Shagbark Hickory is a member of Juglandaceae family and does produce a miniscule amount of Juglone. Is it enough to make me worried about where to plant a tree? Absolutely not. But if you plan on having a tomato garden around your hickory, you may be disappointed. While the levels of juglone exuded by hickory pale in comparison to Black Walnut, members of the Solanaceae (Nightshade) family, like tomatoes, are highly sensitive to juglone.

Like oaks, Shagbark Hickory develops a deep taproot from seed and is notoriously difficult to transplant. The taproot is vital to a forest tree, allowing it to store energy in preparation for a canopy opening. This isn’t as important when you’ve got a nursery tree growing at adequate spacing and minimal competition. Our Shagbark Hickories are given a custom treatment in our nursery to ensure a healthy, fibrous, easily transplanted root mass. Growing Shagbark Hickory from seed can be a rewarding activity at home if you have access to nuts. However, don’t expect them to enjoy or even survive being dug up and moved after planting.

Shagbark Hickory is restricted by fire. Its smooth bark when young is especially sensitive to fire damage, and even large trees can die from a wildfire. Commercially, Shagbark Hickory is valued for its dense, durable, flexible wood. Historically it was favored for use in wooden wheels, while today it’s a preferred choice for tool handles. The inner bark has been used to make a yellow dye, but don’t try this one on a landscape tree- remember, the inner bark is where growth happens, and damaging it will open the tree up to infection. Shagbark Hickory is also one of the best firewood sources, second only to Black Locust in energy per volume. And I would be remiss if I forgot to mention the wonderful flavor that Hickory chips can give in a smoker.

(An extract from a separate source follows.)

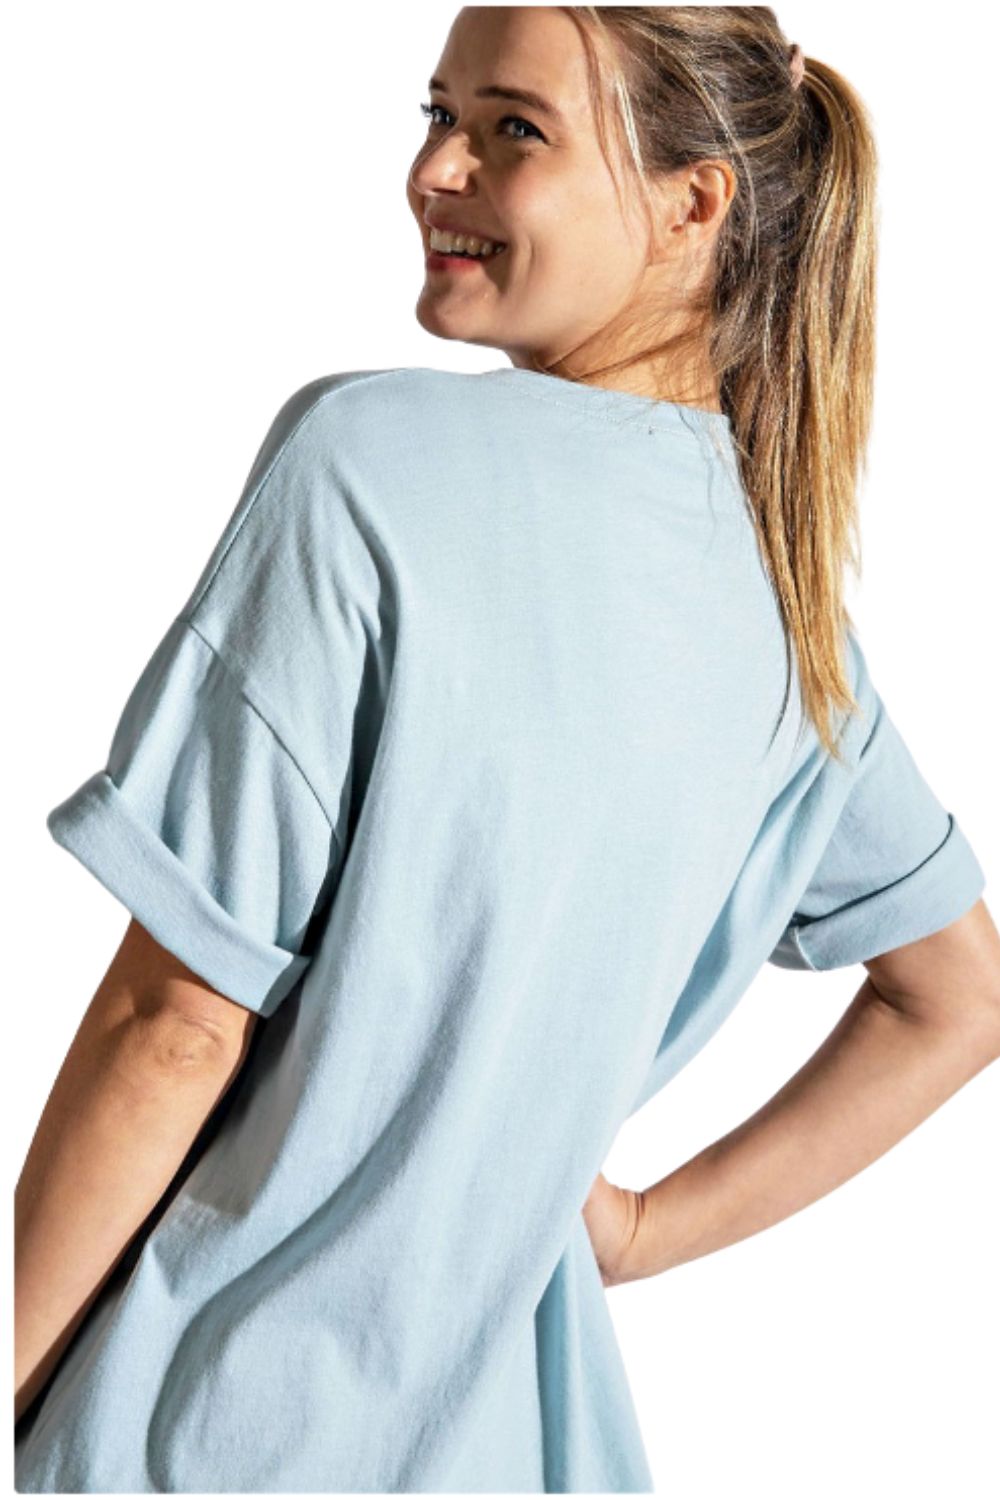 Rae Mode Womens Animal Print V-Neck Slit Side Short Sleeve Pockets

Continue the Shagbark lore by reading Mike Yanny’s article, A Tree For Me, Hickory.

Companion Plants:

Shagbark Hickory is extremely coarse in texture; not quite as much as Kentucky Coffeetree, but more than Maples and Oaks. Pairing fine-textured upright shrubs at the base is an excellent contrast year-round. Consider using Redtwig Dogwood, Little Devil or Dwarf Ninebark, Dwarf Bush Honeysuckle, and Glossy Black Chokeberry in a natural garden. Or, if you prefer a more formal look, use Violet Uprising Lilac, any Boxwood cultivar, or a creeper like Deutzia to add a more refined aesthetic to your space. I recommend making a bed as close to the drip-line as possible since it will help collect the leaf and nut litter the tree drops annually. You won’t have to spend your time raking husks out of the lawn, and you’ll have less lawn to mow- it’s a win-win in my book.